# Yogurt on food.



## deb (Jun 23, 2011)

Last night i saw a post about fussy eaters. My dog was going through this stage and i was wondering what to change his feed to. He was on royal caine junior. I read a post about putting abit of probiotic yogurt on it so this morning i tried it couldn't believe it when he woofed it down. The same has happened tonight. So i would just like to say a big thankyou to the person who suggested it. This site is so useful.


----------



## Dylansmum (Oct 29, 2010)

It's great for upset stomachs and for when they are on antibiotics to prevent upsets, but I hadn't heard of using it daily on food. Amazing what they like!


----------



## Guest (Jul 19, 2011)

my puppies have natural yoghurt ever day great for the bowel !!!! and mine !


----------



## ali-s.j. (Jun 6, 2011)

Do you put it on their food Janice, or feed it separately as a "treat"?


----------



## Ali79 (Mar 30, 2011)

Thank you for this Debs as Beau likes frozen yoghurt in her Kong with apple, carrot etc mixed in with it but never thought to put it on her food as she has been a bit fussy lately! Will give it a go in the morning


----------



## M&M's mummy (Jul 12, 2011)

Mine have pro-biotic yoghurt on their kibble. They are fed twice a day.

I just buy Sainsburys own brand and they have 2 big tubs which last a week. Mind you one to two of their eve meals are chicken wings.

Monty loves to look up at me half way through with all yoghurt over his face- very cute.

Milly just scoffs without pausing so there is no chance of any going to waste with her


----------



## mandym (Jun 5, 2011)

I watched a vet programme recently and the vet had a selection of treats and snacks that were healthy for dogs and yoghurt was one of them,he said it was extremely good for them and they loved it too,guess what im getting my girls tommorrow....


----------



## Sezra (May 20, 2011)

Ali79 said:


> Thank you for this Debs as Beau likes frozen yoghurt in her Kong with apple, carrot etc mixed in with it but never thought to put it on her food as she has been a bit fussy lately!
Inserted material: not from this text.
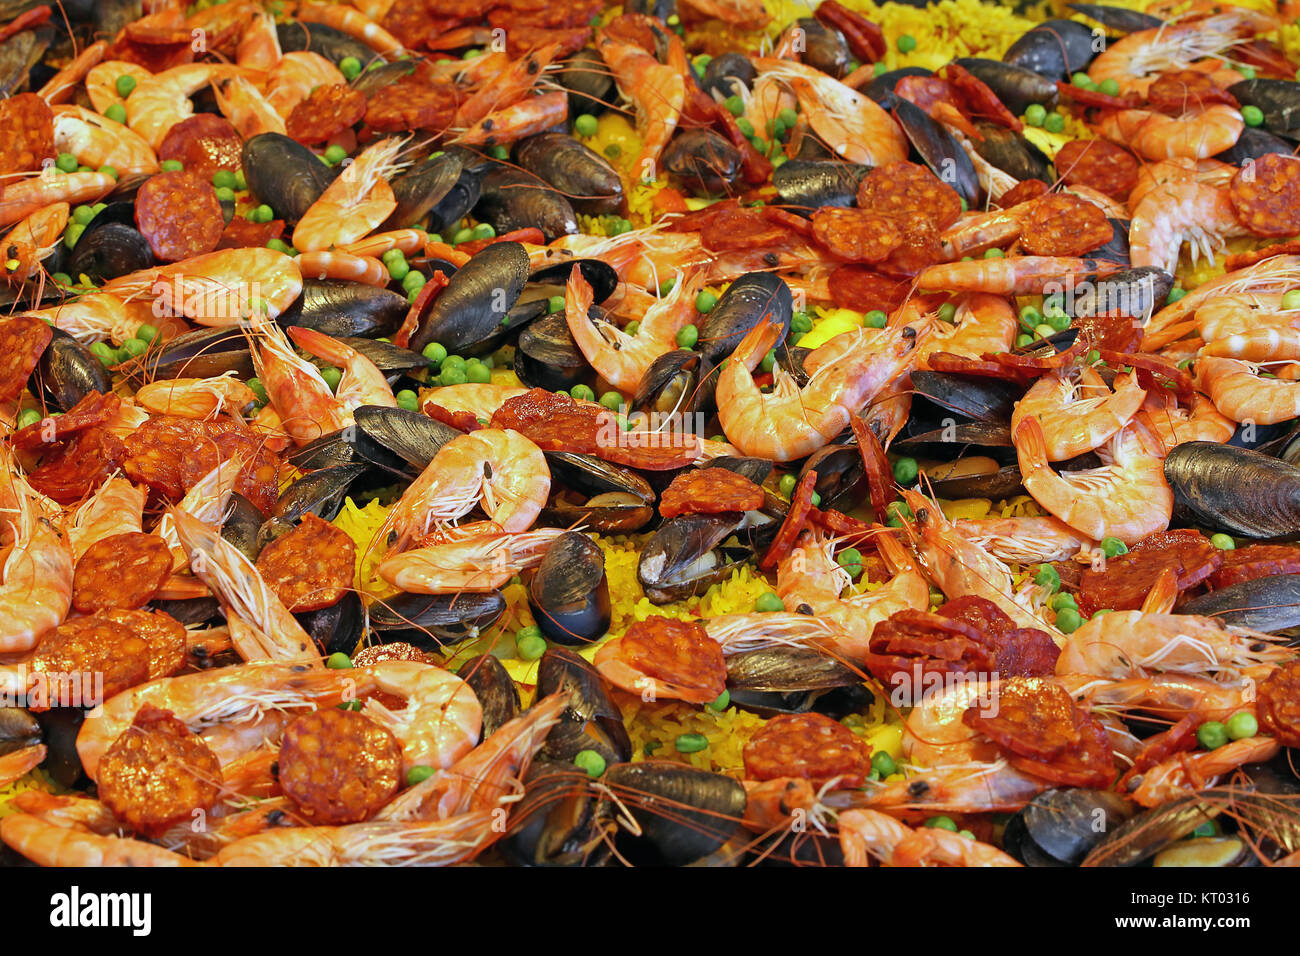 huge paella with seafood and garlic sausage Stock Photo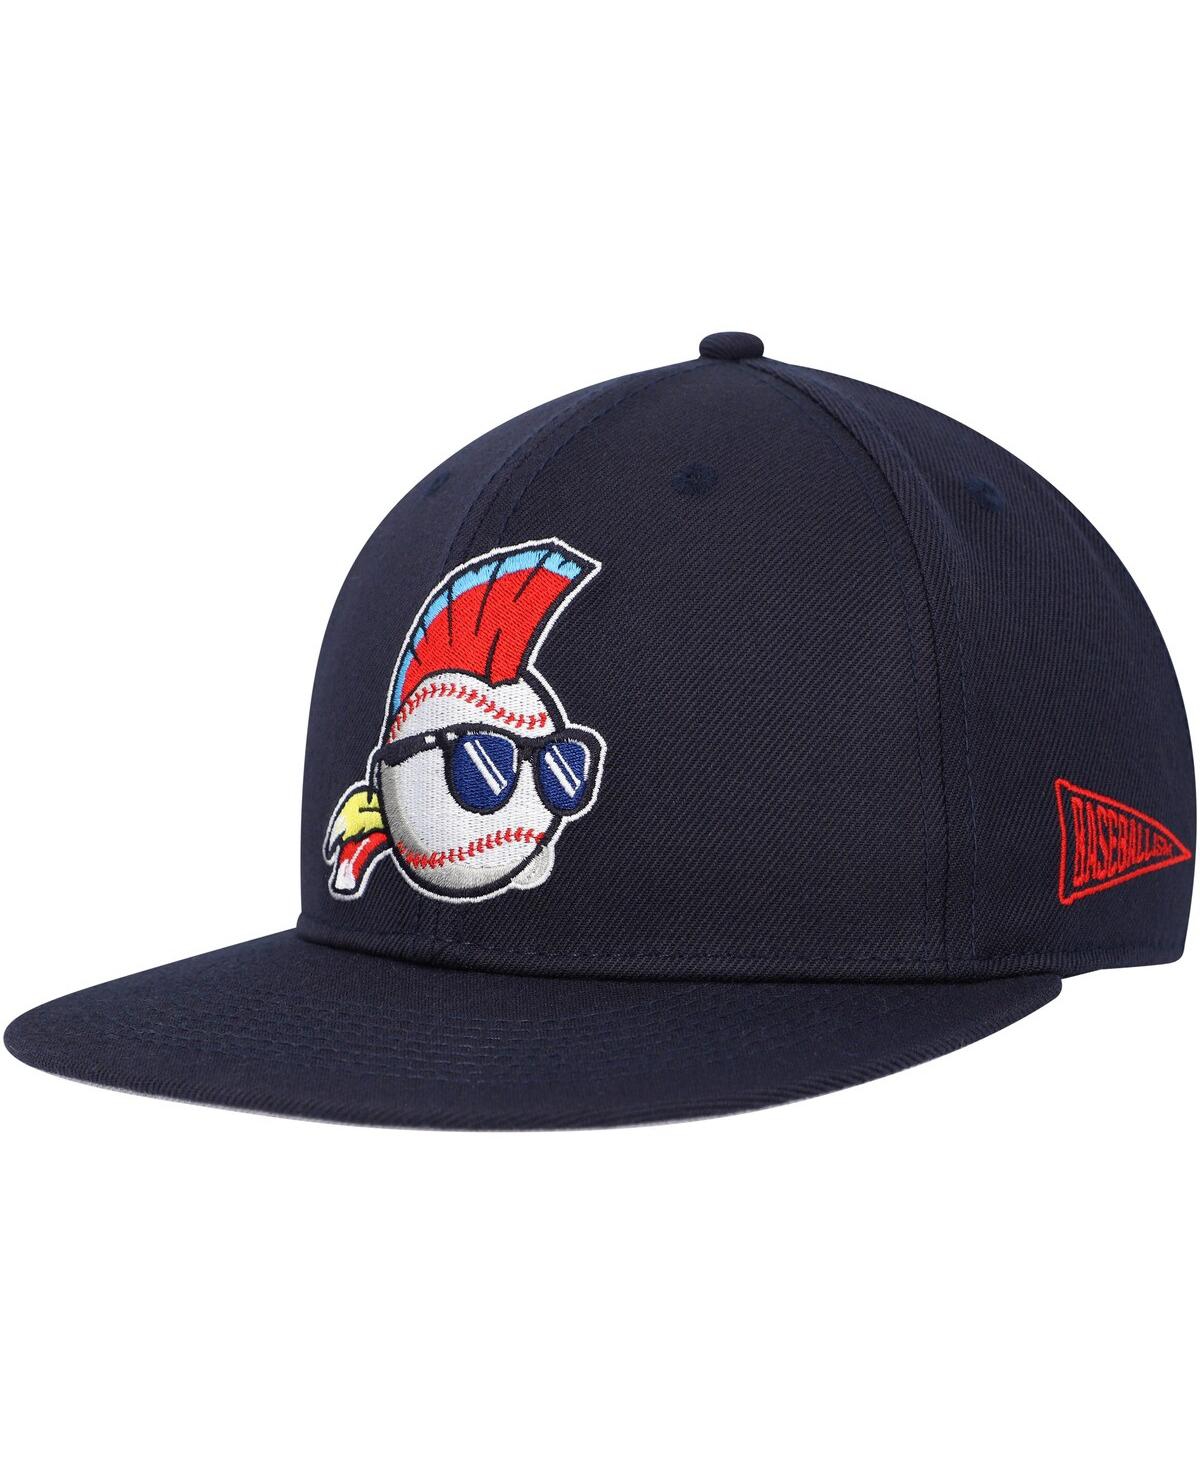 Men's Baseballism Navy Major League Snapback Hat - Navy

Will give it a go in the morning


I like that idea!  Thanks!


----------



## Nadhak (Jun 4, 2011)

Fabulous - thank you for this tip - Treacle continues to be fussypants - one day she loves it and the next I get the rolled eyes and trotting off to find something more interesting to eat [grass and leaves]
Thank you everyone x


----------



## raywendy18 (Apr 26, 2011)

mandym said:


> I watched a vet programme recently and the vet had a selection of treats and snacks that were healthy for dogs and yoghurt was one of them,he said it was extremely good for them and they loved it too,guess what im getting my girls tommorrow....


Does it have to be probiotic yoghurt? - I've got kids petit filous in my fridge or would this poison the dog


----------



## Ali79 (Mar 30, 2011)

Put the yoghurt on Beau's food this morning and evening and she ate almost all of it so thank you for this tip


----------